Apesar de ser considerado segura, rentável e nostálgica, a onda de remakes não vem sem críticas. Para Mauro Alencar, consultor, pesquisador e doutor em Teledramaturgia na USP, a produção audiovisual foi tomada por uma falta de entusiasmo.
“A nova onda de remakes está trazendo um esgotamento e desinteresse pelo gênero telenovela. A vida é uma constante renovação. O público quer uma boa história, bem produzida, com bom elenco, boa música”, opinou. É como contar uma história nova tendo os códigos de uma história já contada no inconsciente coletivo. É preciso saber se o remake é viável dentro de determinado tempo e espaço e se o contexto histórico pede novamente uma temática de tempos atrás”, completa.
O novelista Aguinaldo Silva, em entrevista ao Metrópoles, também se mostrou instatisfeito com a quantidade de produções baseadas em obras antigas. “Acho que a novela acontece na hora em que ela é produzida. Cada novela é uma novela diferente. Quando a novela funciona, ela funciona por uma série de coisas. A novela é única, ela funciona e acaba. Se é outra, então por que não faz uma inédita? Tem muita novela boa e inédita por aí”, opina.
Fernanda Schein avalia que o mercado vive um momento de exaustão da tática. “Acho que agora existe uma sensação de saturação, e o público já começa a mostrar uma certa resistência a certos conteúdos que podem ficar repetitivos e redundantes e buscam por novas alternativas”, pontuou.
Remake tipo exportação
Para superar a saturação dos remakes, as produtoras estão apostando em mudanças de enredos. Nas novelas brasileiras, personagens do passado surgem com finais diferentes nas produções atuais. Nos cinemas e no streaming, parte da história é alterada para agradar os fãs. Segundo Pedro Curi, a estratégia é capaz de trazer um ar de novidade para histórias do passado.

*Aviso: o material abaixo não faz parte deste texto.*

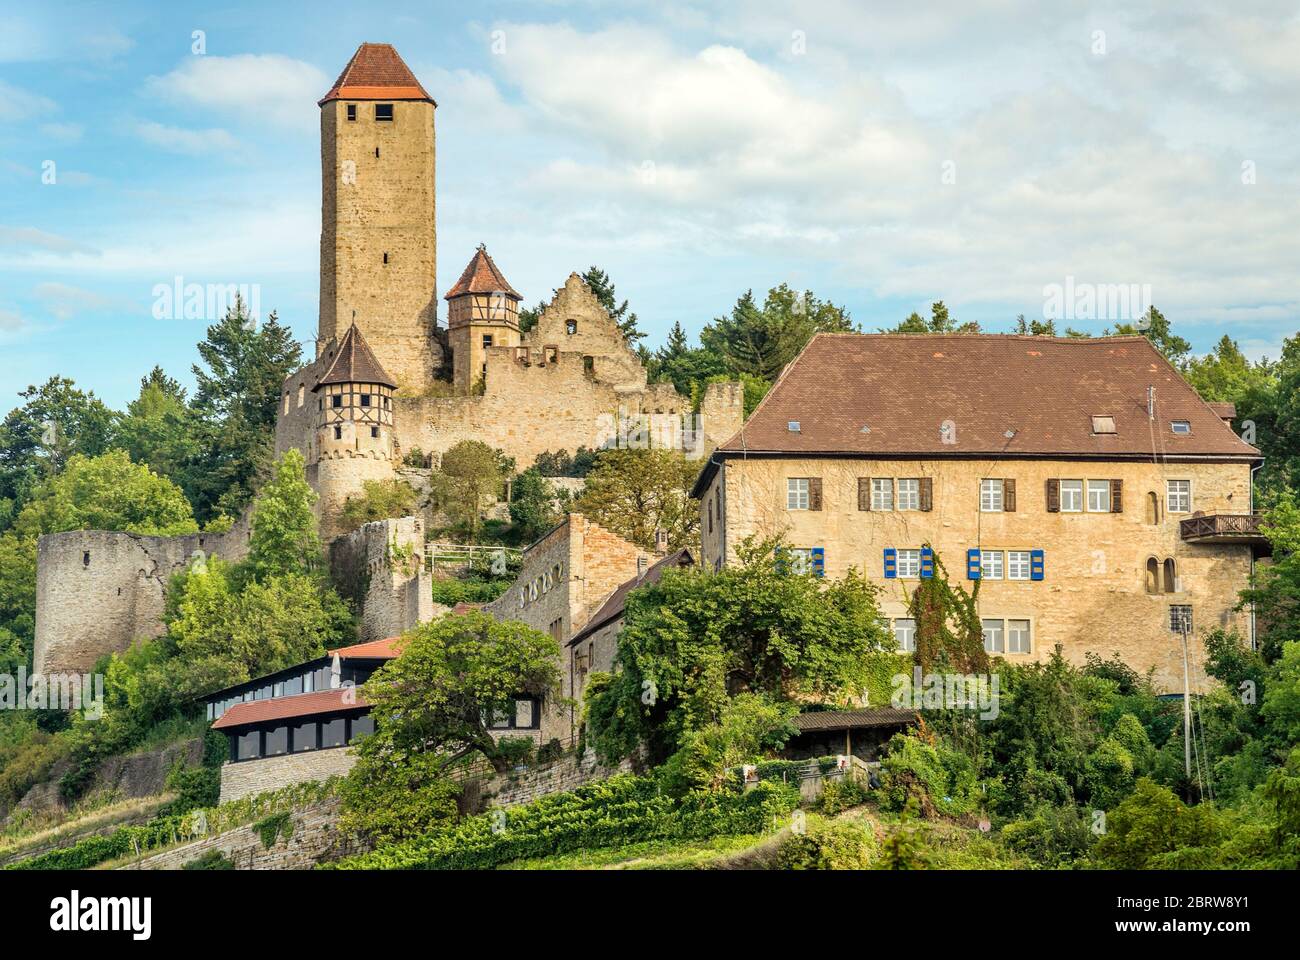 Castle Hornberg in Neckarzimmern at the River Neckar, Baden Wuertemberg, Germany Stock Photo

“Os remakes podem ser interessantes quando trazem novas visões de uma antiga história. É uma tendência que está sendo bastante explorada no entretenimento. A Disney tem feito muito isso, trazendo histórias para novos contextos, até mesmo corrigindo falhas temporais”, disse.
Além disso, o coordenador do curso de Cinema e Audiovisual da ESPM também ressaltou que existe um movimento estadunidense de remakes de filmes de outros países como Índia, China, Itália e França, com contextos adaptados, que vem fazendo sucesso. A exemplo de No Ritmo do Coração, que ganhou o Oscar de Melhor Filme em 2022, com uma versão norte-americana do longa La Famille Bélie.
“Existem várias histórias no cinema estadunidense que são remakes de obras de outros países. Eles compram os direitos de filmes estrangeiros e refazem a história em Hollywood. É uma nova forma de recontar as histórias, mas em um contexto local, com adaptações”, finalizou.